Both women are credited with their roles as catalysts of Northern California's artisan cheese industry. In 2006, along with Smith, she won a James Beard award for "significant and lasting achievements and contributions to the food and beverage industry for ten or more years."

== Early life ==
Conley was born in Washington, D.C., where her grandfather managed the cafeteria Sholl's Colonial. She attended the University of Tennessee, where she met Smith.

== Work ==
After moving to the San Francisco Bay Area in 1976, Conley worked in restaurants before co-founding Bette's Oceanview Diner. After selling her shares in Bette's Oceanview Diner, she co-founded Tomales Bay Foods, a distributor and marketer of West Marin-produced foods, and Cowgirl Creamery, a manufacturer and distributor of artisan cheese, along with Smith. Conley has credited her travels to Europe as well as Peggy Smith's work at Chez Panisse as amplifying their interest in regional, artisan food production.

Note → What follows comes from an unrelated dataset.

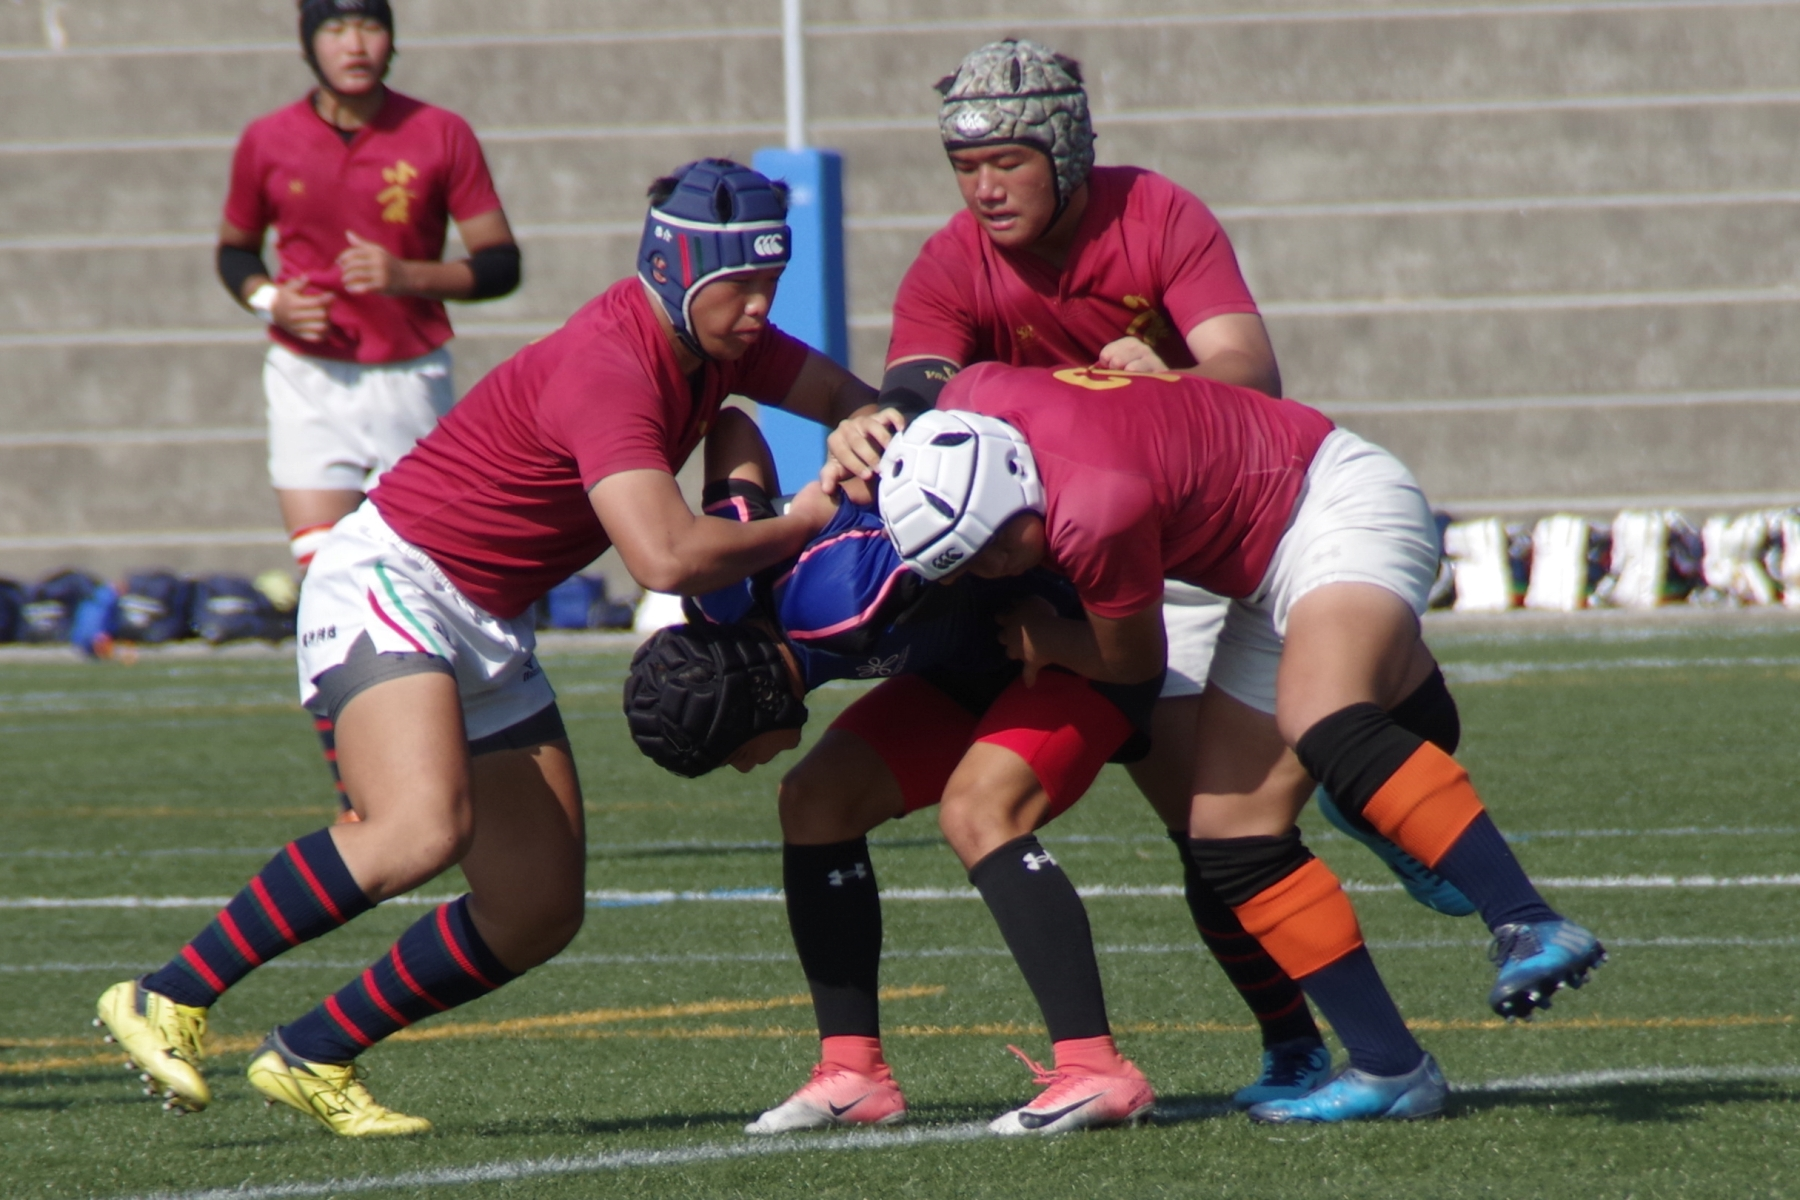 http://kokura-rugby.sakura.ne.jp/180807_160230_0057.jpg

According to Conley, they founded the cheese-making company as a way of creating a product which showcased the organic milk produced by Albert Straus at Straus Family Creamery: "We saw the need to showcase great quality organic milk. The farm economy could not survive the state it was in, so we saw a need to preserve land in agriculture."

Conley is a member of the California Artisan Cheese Guild. With Smith, she wrote Cowgirl Creamery Cooks.

In 2016, Conley and Smith sold Cowgirl Creamery to Emmi, a Swiss dairy firm.

== Bibliography ==
- Smith, P. (2013). "Cowgirl Creamery Cooks"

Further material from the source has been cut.